For the better part of the last 10 years I've been taking a class called BodyPump by Les Mills (a fitness company). It's a weightlifting class that's set to popular music. I got hooked at my old gym in NY and was (luckily) able to keep up the habit at my current gym in VA. It's a lot of fun and, oftentimes, the best tracks become regulars on my everyday playlist. 

One favorite in particular is a bicep track set to "The Movement" by Kid Ink. It was playing in today's class and, as I often do during workouts, I got to thinking about the music. In this case, I was curling and considering what it takes to create a movement and, more specifically, how that idea applies to the way we operate our nonprofits. 

Are you running an organization or are you creating a movement? 

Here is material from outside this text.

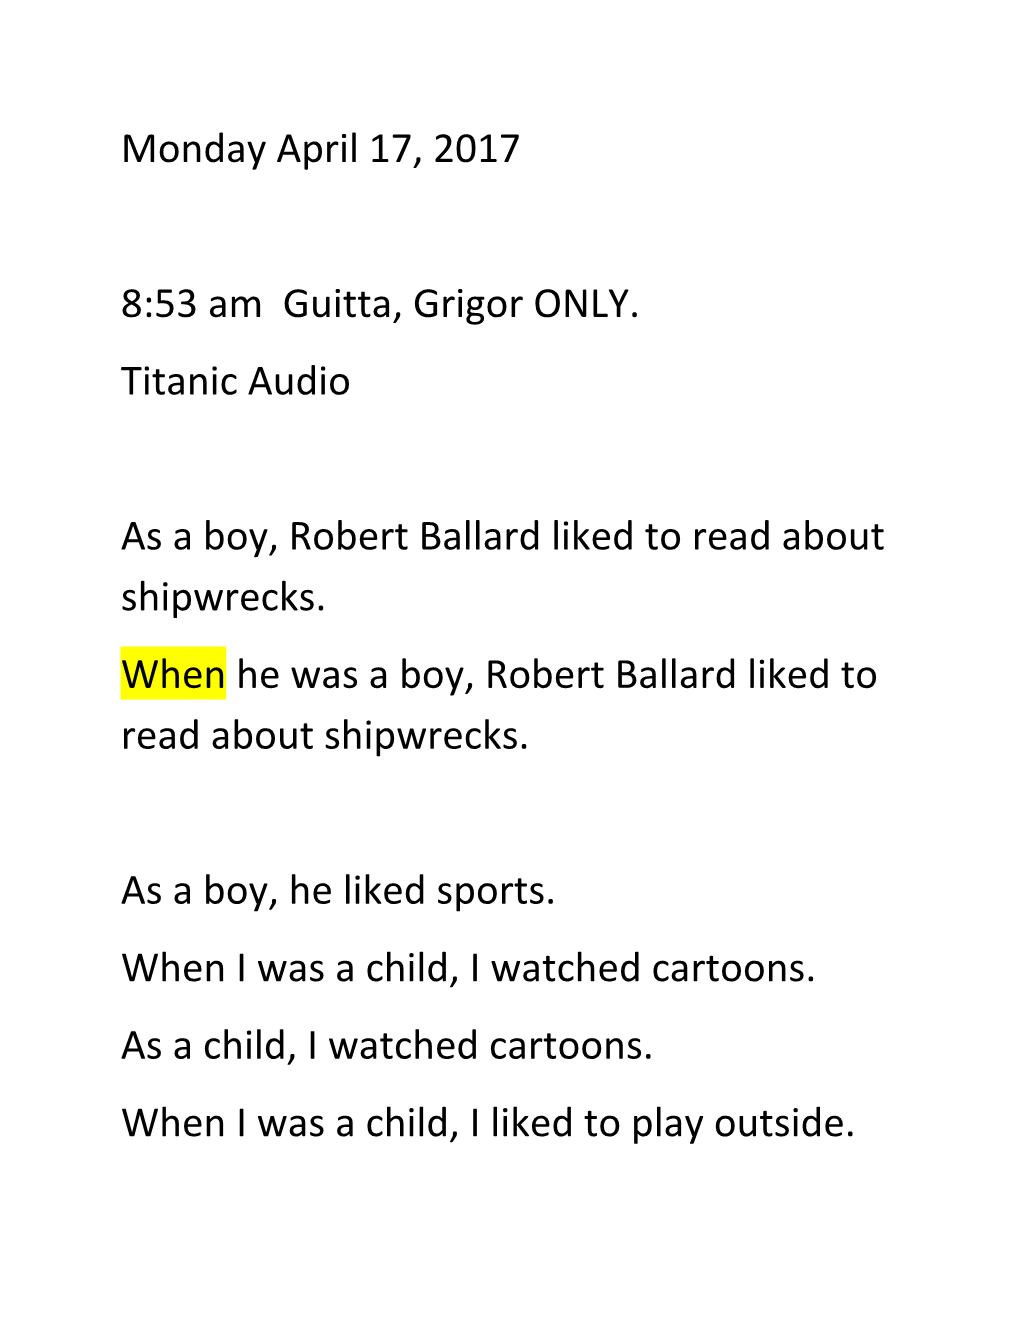 As a Boy, Robert Ballard Liked to Read About Shipwrecks

Logistically, both options probably involve many of the same things: service, programming, fundraising, administration, and promotion. But, philosophically, creating a movement requires a next-level attitude about what's possible. Leading a nonprofit is mainly nuclear; driving a movement is all about gathering the periphery.

Les Mills, for instance, isn't only interested in selling licensing contracts, workout subscriptions, and gear. They're part of a movement to "create a fitter planet" - a mission that goes far beyond their own company's balance sheet. And, attaching themselves to a larger purpose likely effects the decisions they make and their business practices.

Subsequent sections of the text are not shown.